Data shown:

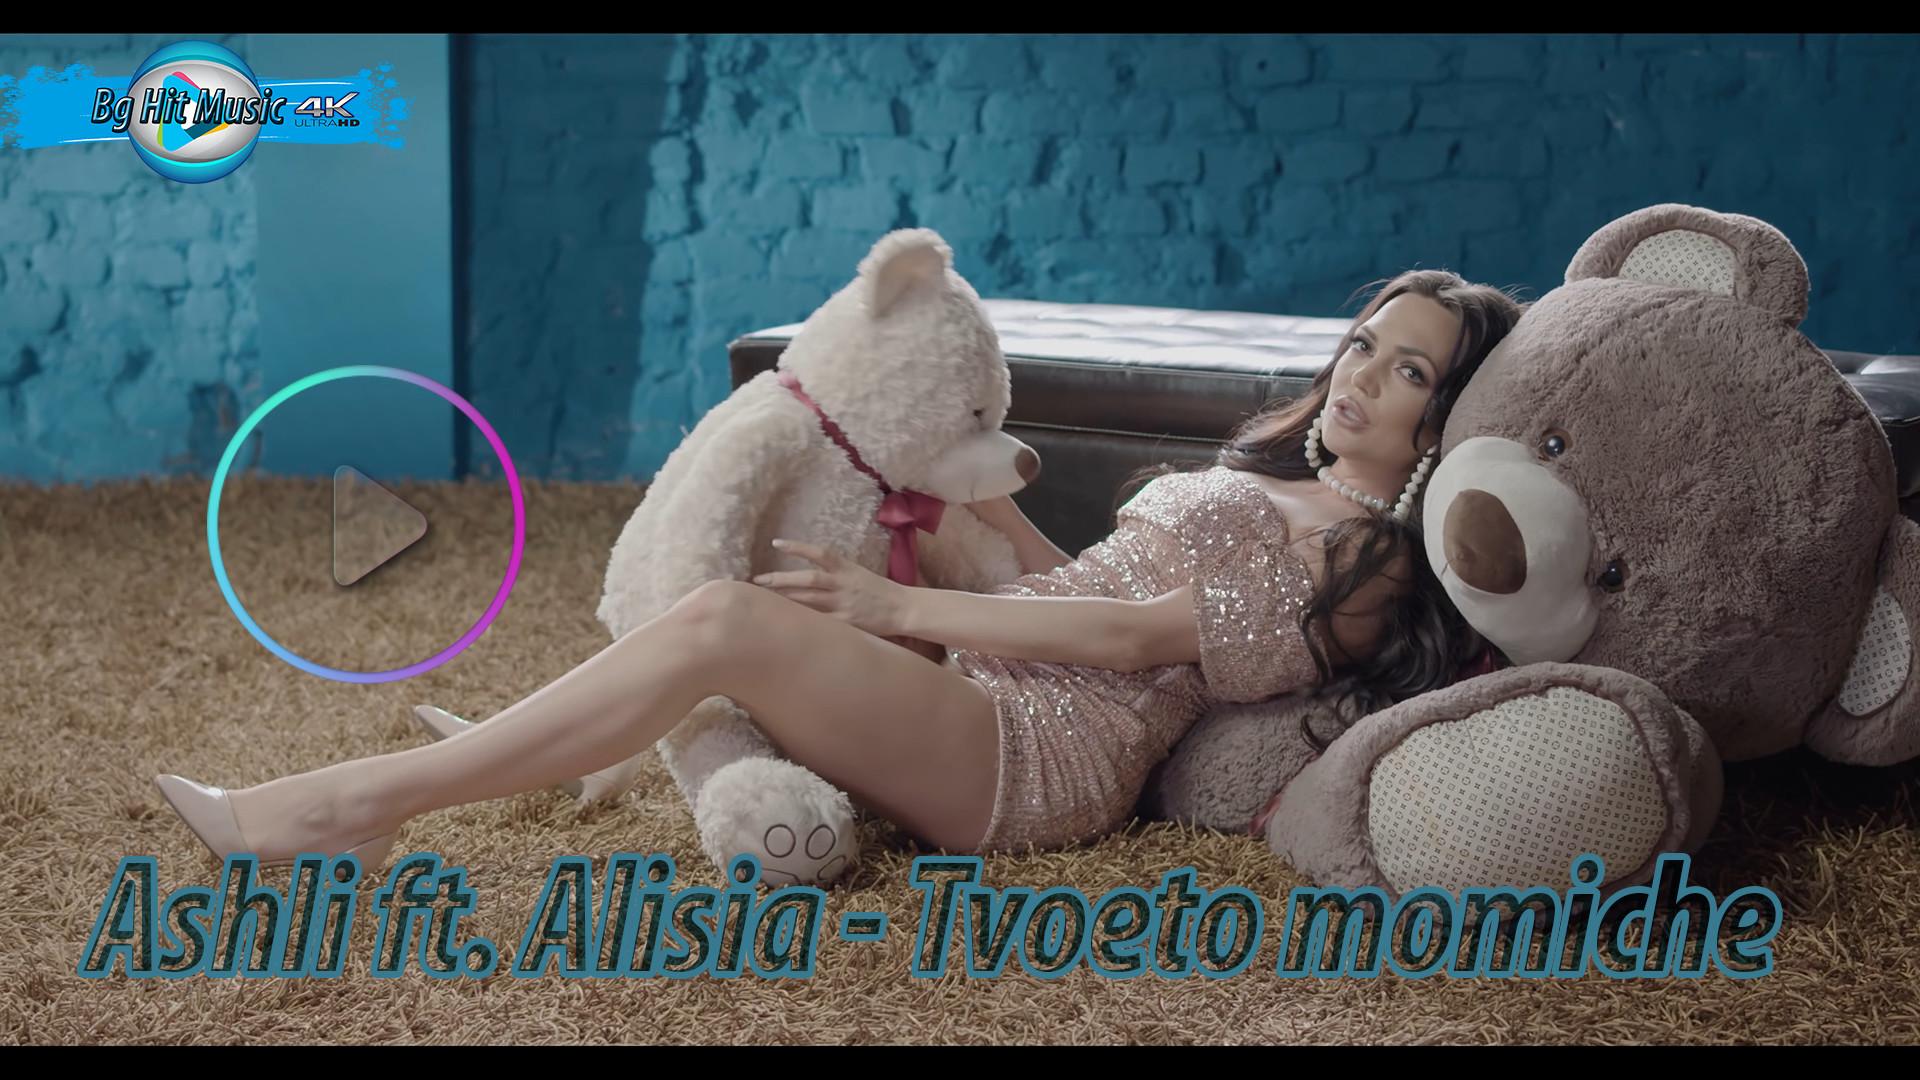 Ashli ft. Alisia - Tvoeto momiche / Ашли ft. Алисия - Твоето момиче (Ultra HD 4K - 2020)
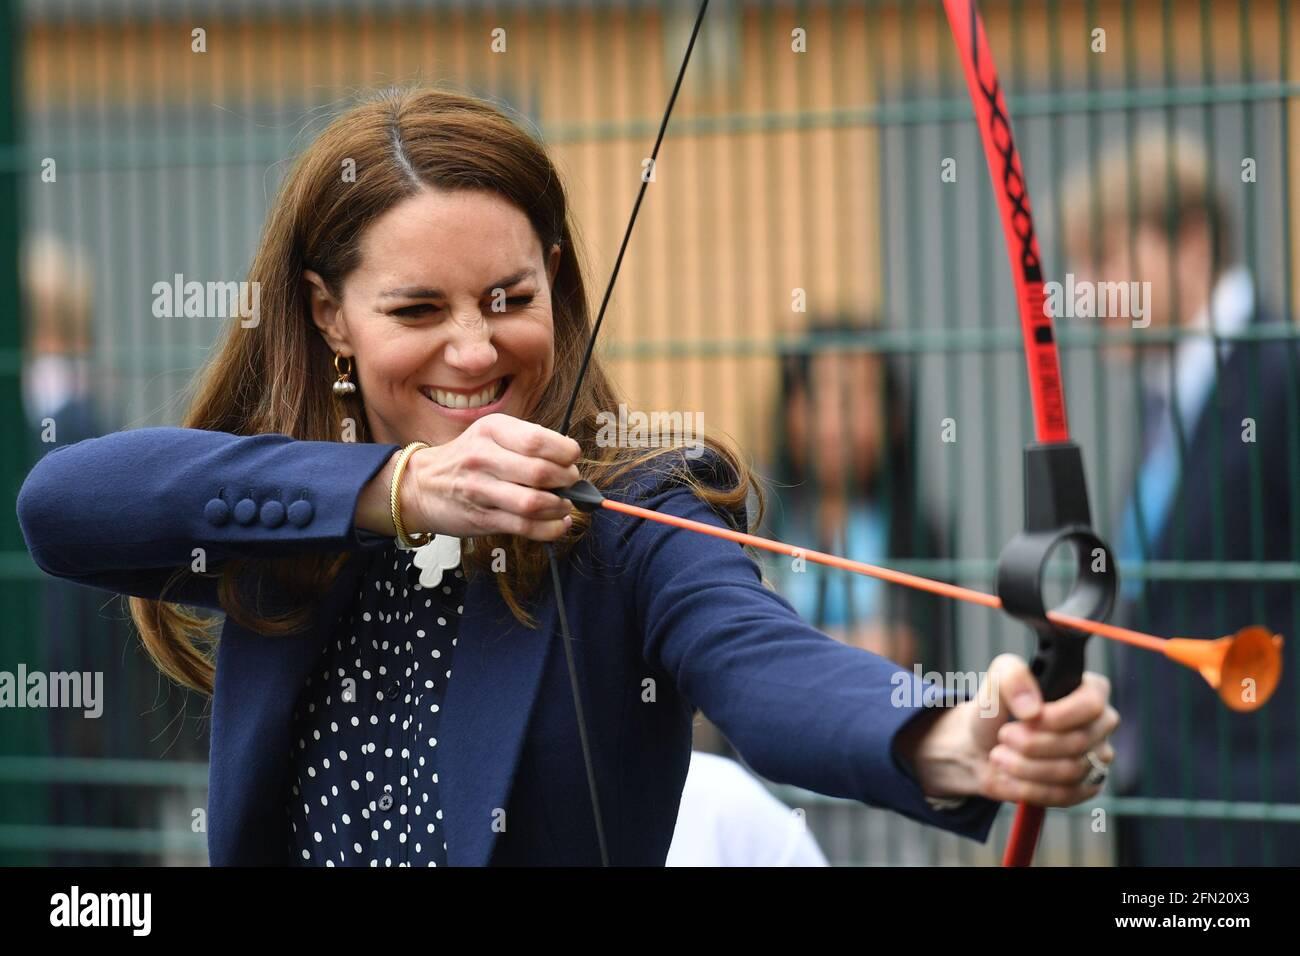 La Duchessa di Cambridge durante una sessione di tiro con l'arco durante una visita alla Way Youth zone di Wolverhampton, West Midlands. Data immagine: Giovedì 13 maggio 2021. Foto Stock
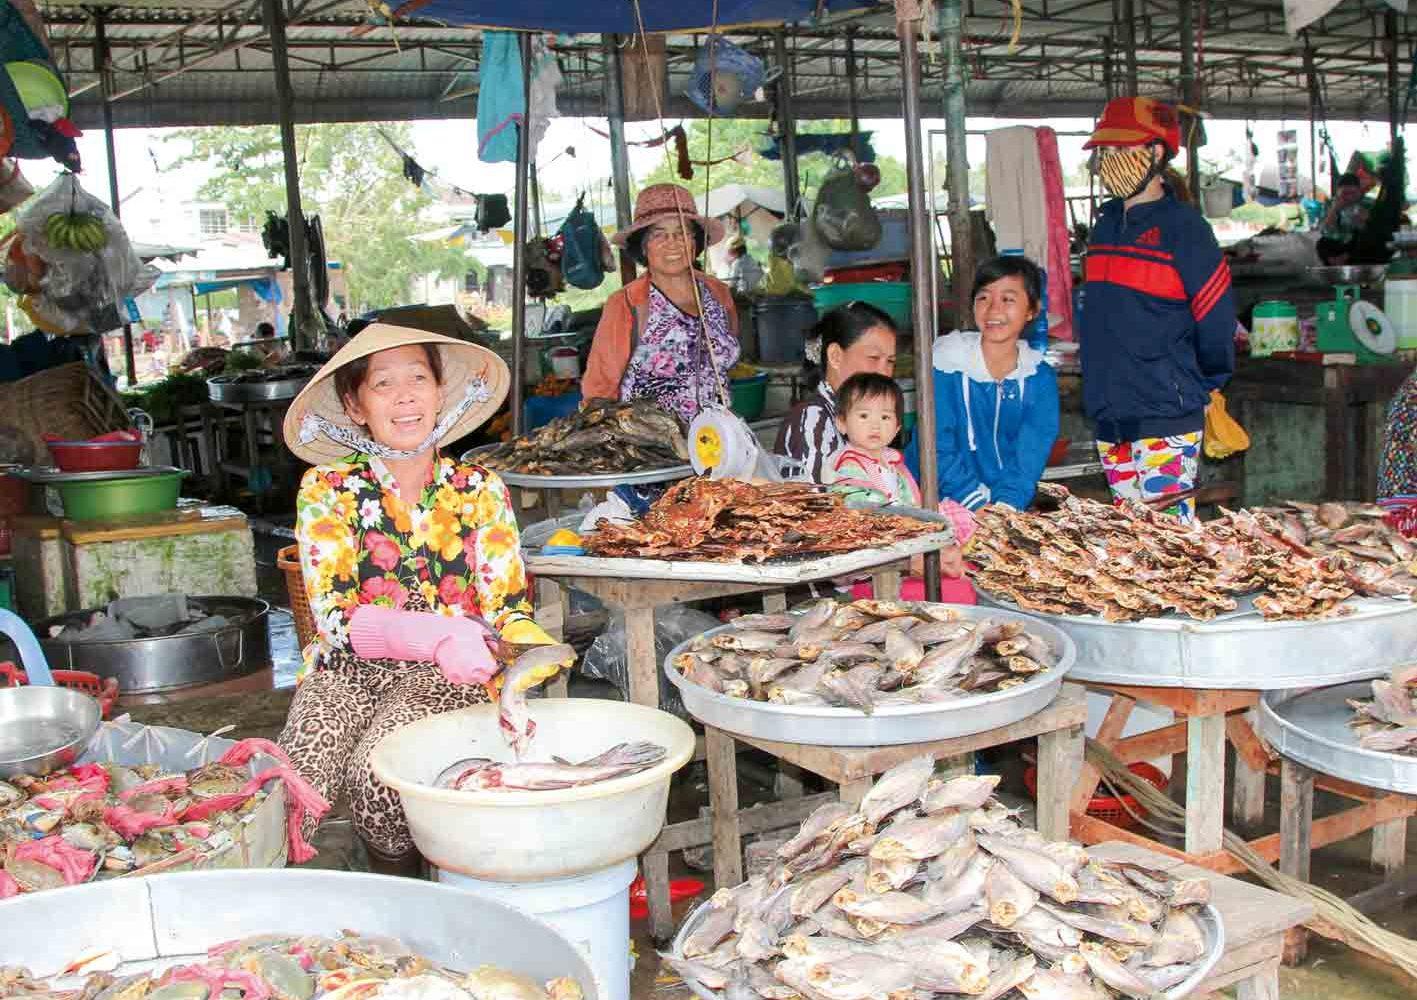 Fischmarkt in Vietnam
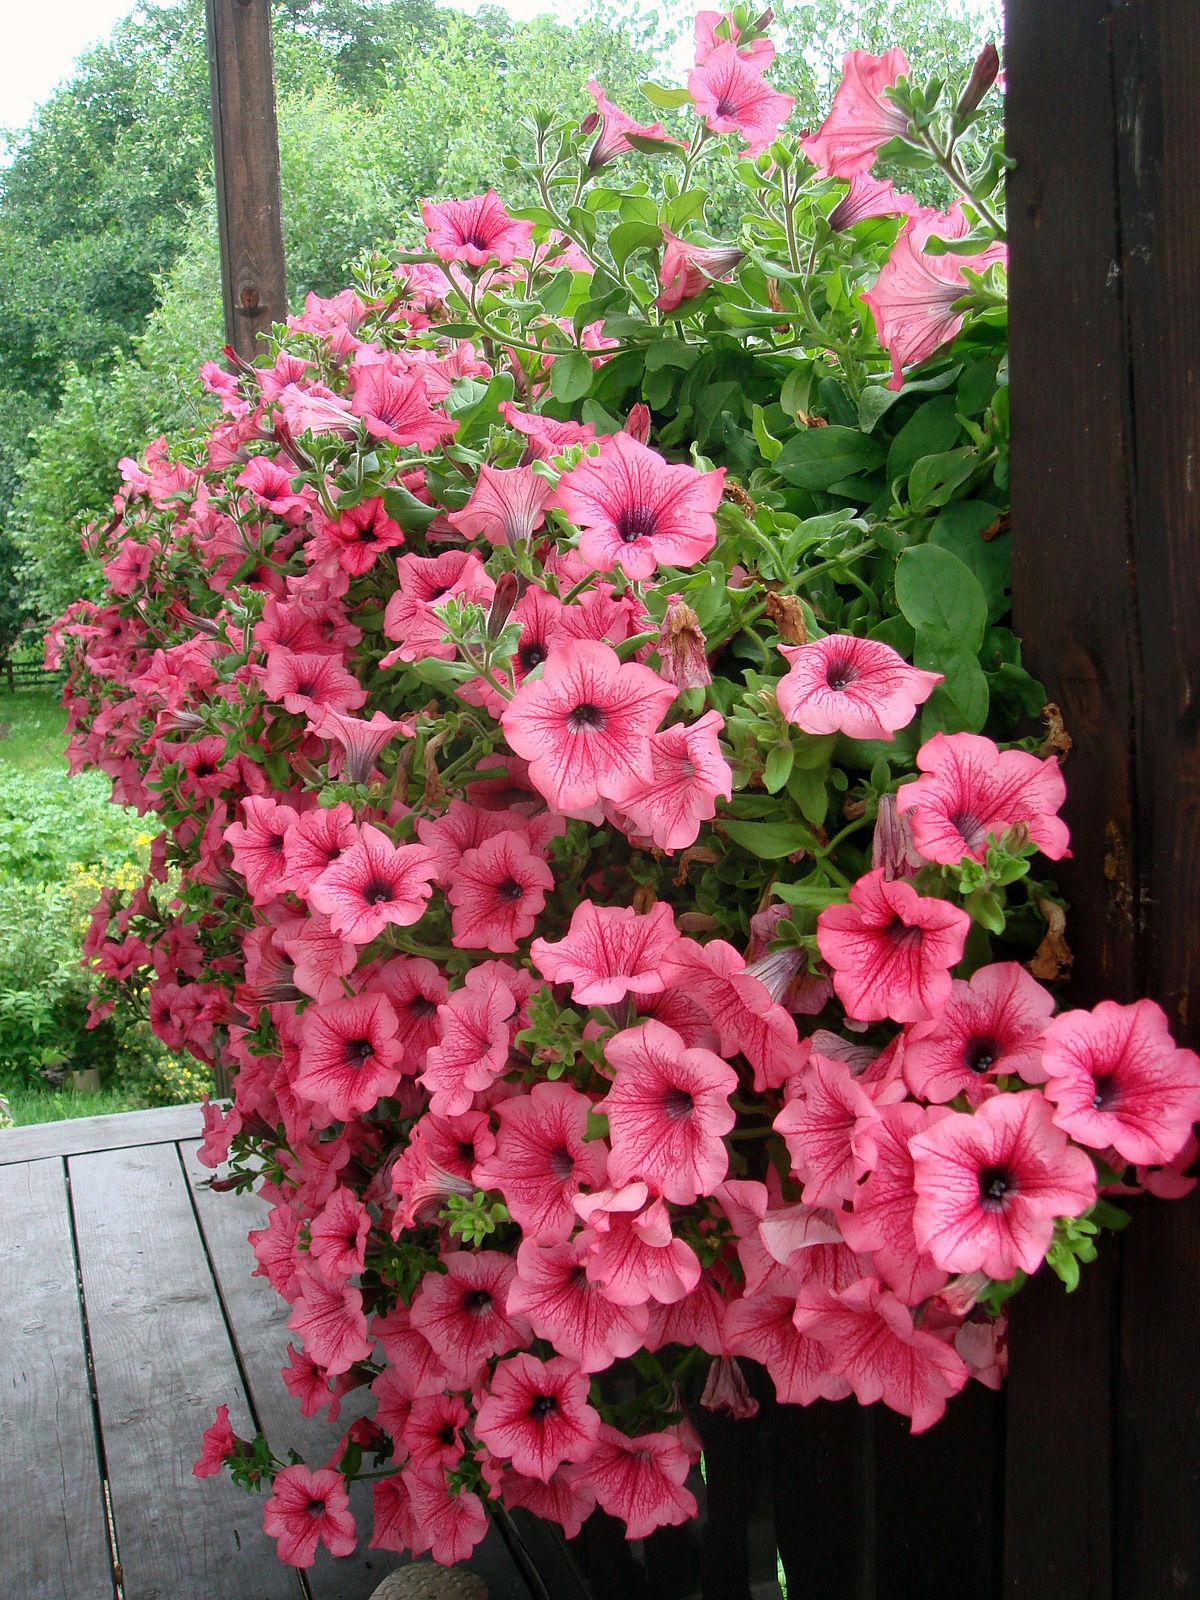 صورة اسماء الورود العربية , تعرف على الورد باشكاله واسمائه بالصور 13020 7

Directions for this task: The lines needed are those from the one containing "Fischmarkt in Vietnam" through the end of the listing, given again word for word and without any picture.

Task answer:
 Fischmarkt in Vietnam
 صورة اسماء الورود العربية , تعرف على الورد باشكاله واسمائه بالصور 13020 7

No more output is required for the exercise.